# Recommendations for Eschatology Sermons



## Marrow Man (Nov 25, 2008)

I was wondering if anyone can give a recommendation for a series (or single) sermon or lecture on eschatology.

This is not for me but for my mom, so please make this simple enough for a layman. She attends a country Baptist church, she hasn't gotten a whole lot of deep teaching over the years, etc. The default position she's heard her whole life has been, of course, dispensationalism. She's never heard anything different, except from me. So, a critique of that sort of eschatology would probably be most helpful, though anything would be appreciated.

The WHI had a helpful discussion on this a month or so ago. I'm going to send her a copy of that, but I was looking for more recommendations.


----------



## he beholds (Nov 25, 2008)




----------



## Anton Bruckner (Nov 25, 2008)

https://www.sermonaudio.com/search.asp?SpeakerOnly=true&currSection=sermonsspeaker&Keyword=David^Lowman


----------



## the particular baptist (Nov 25, 2008)

Hi Tim, i have found this resource helpful Kim Riddlebarger , specifically this sermon/lecture Amillenialism 101


----------



## Kim G (Nov 25, 2008)

PactumServa72 said:


> Hi Tim, i have found this resource helpful Kim Riddlebarger , specifically this sermon/lecture Amillenialism 101



I'm actually listening to the third lecture this very minute. Since Riddlebarger used to be dispensational pre-mil, he speaks in a language I can understand , dealing out Scripture to overcome my mind's objections. This series is not hard to follow, and it has a lot of great stuff.


----------



## DMcFadden (Nov 25, 2008)

Arturo Azurdia is EXCELLENT.

Check out the resources on Monergism.com, particularly his exposition of Revelation.

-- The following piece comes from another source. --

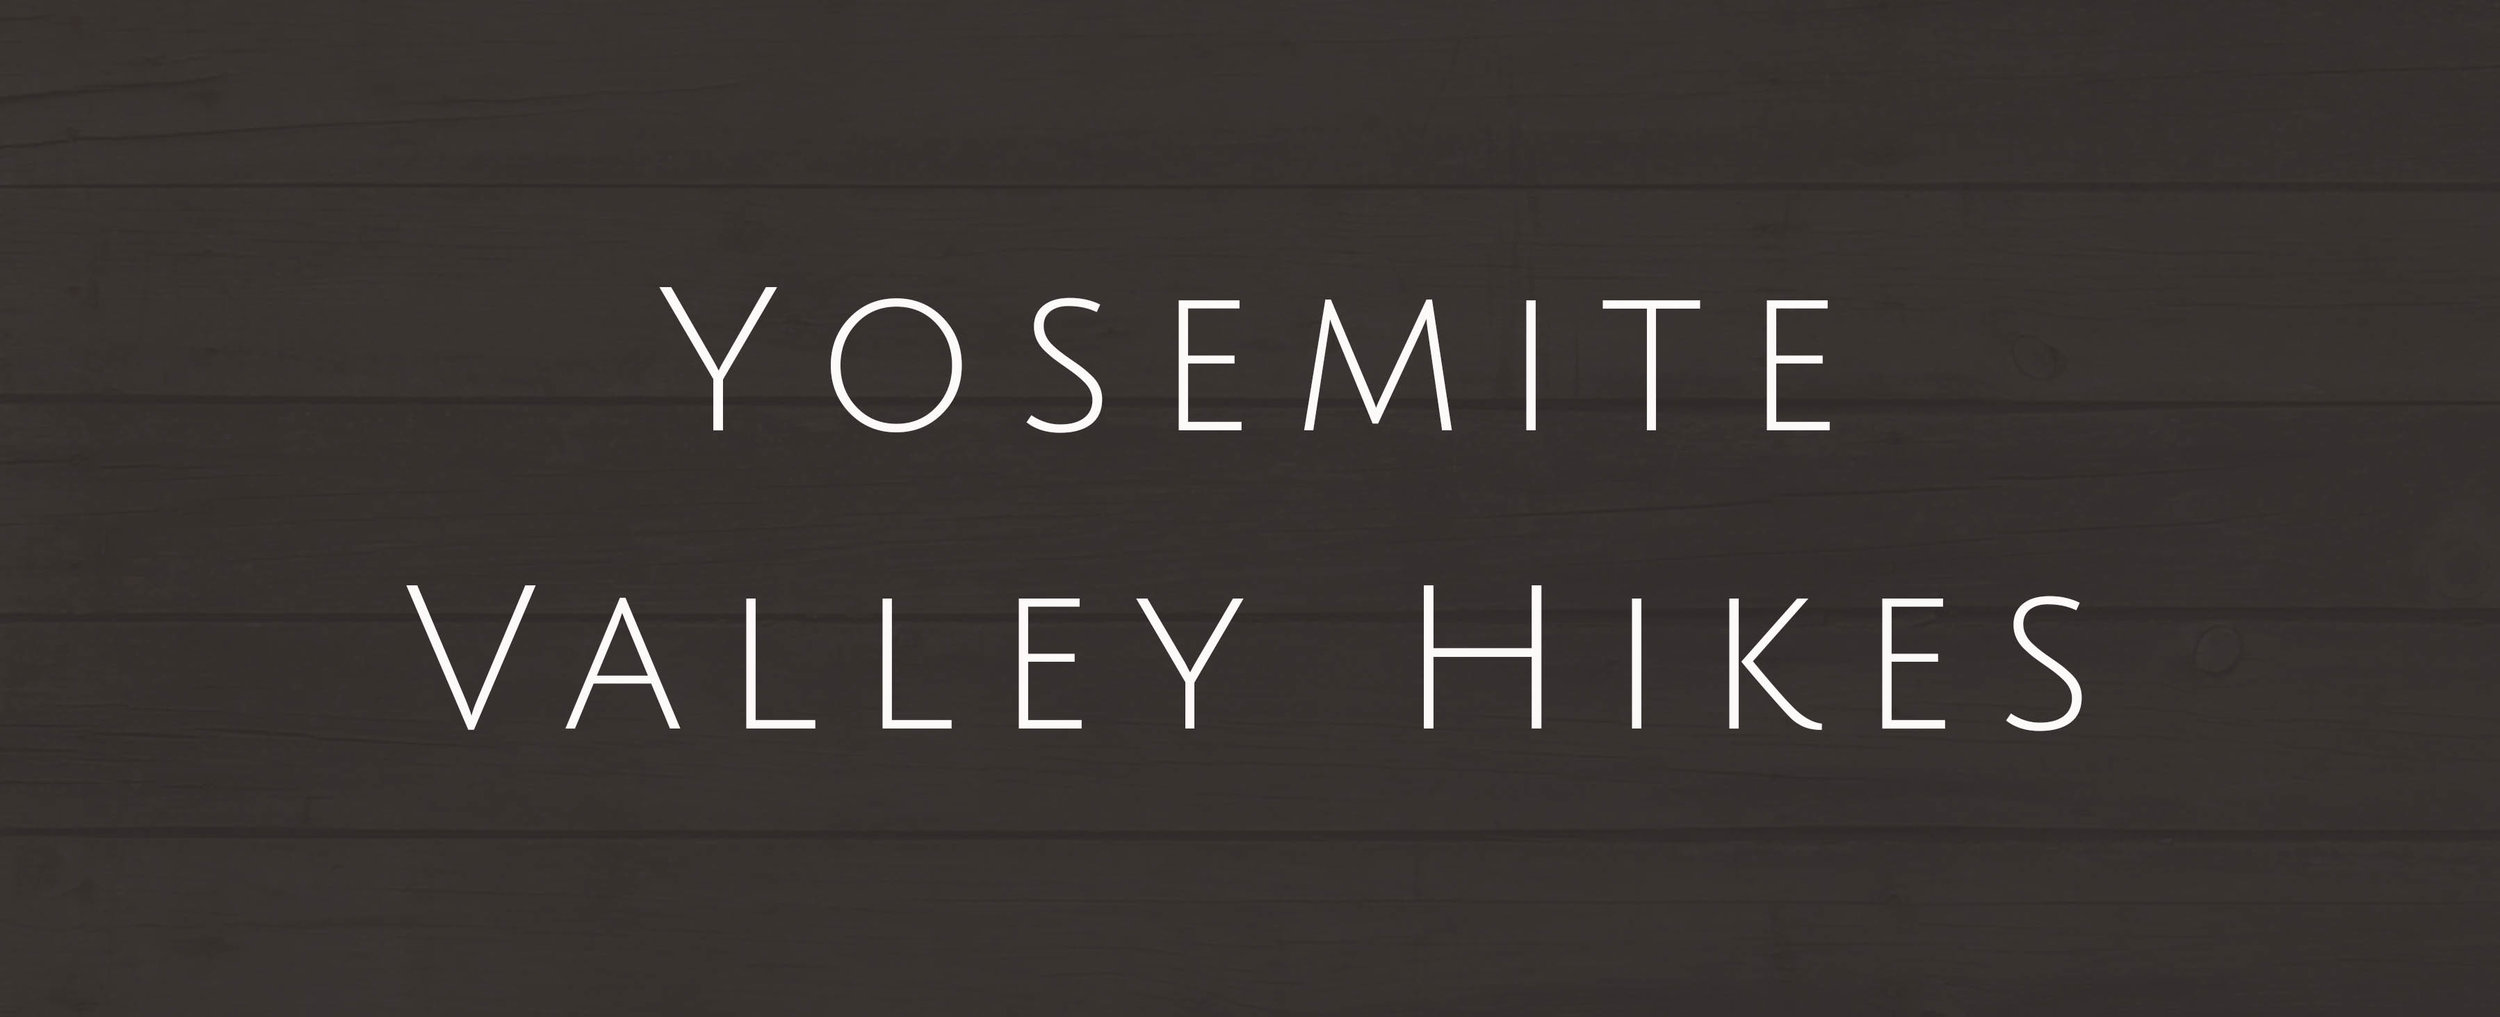 Yosemite - Valley Hikes.jpg

Monergism :: Arturo G. Azurdia III

If you want it specifically tailored to the more narrow issue of eschatology, then go with Riddlebarger. He is the one who turned me from being historic premil (my position for almost four decades).

The value of Azurdia is that he is preaching to a normal congregation and dealing with eschatology as a function of his explaining of the actual text of Revelation sermonically. But, it is more than 80 sermons long. Riddlebarger has a couple of series that are much more concise, but speaks in a more polemical vein. On balance, decide based on where your mom is in terms of her patience for cognitive dissonance.


----------



## the particular baptist (Nov 25, 2008)

DMcFadden said:


> Arturo Azurdia is EXCELLENT.



Youre right. Riddlebarger is fantastic but the exposition of Revelation by Azurdia sealed the deal for me 
-----Added 11/25/2008 at 01:50:02 EST-----


Kim G said:


> he speaks in a language I can understand


 I agree


----------



## Kim G (Nov 25, 2008)

PactumServa72 said:


> Youre right. Riddlebarger is fantastic but the exposition of Revelation by Azurdia sealed the deal for me



After these two recommendations, it looks like I'm going to have to try Azurdia next! In my 25 years of existence, I've been in three churches. In all three churches, a sermon series on Revelation started right when I joined. Of course these were dispensational pre-mil churches. I don't understand anything I read in Revelation anymore, and I've wanted to hear sermons from a reformed perspective on the book.

So, thanks everyone!


----------



## the particular baptist (Nov 25, 2008)

Kim G said:


> PactumServa72 said:
> 
> 
> > Youre right. Riddlebarger is fantastic but the exposition of Revelation by Azurdia sealed the deal for me
> ...



The Monergism link posts the Arturo's messages by topics. His own site Spirit Empowered Preaching lists all the Revelation messages by Chapter and verses which i found easier to keep track of ! He is wonderful to listen to


----------



## Calvin'scuz (Nov 25, 2008)

Anybody know when Kenneth Gentry will be done with his commentary on Revelation?


----------



## Marrow Man (Nov 25, 2008)

PactumServa72 said:


> The Monergism link posts the Arturo's messages by topics. His own site Spirit Empowered Preaching lists all the Revelation messages by Chapter and verses which i found easier to keep track of ! He is wonderful to listen to



Thanks again. I just listened to Rev. Arturo's first two "general" sermons on Revelation, and that seems to be just what the doctor ordered.


----------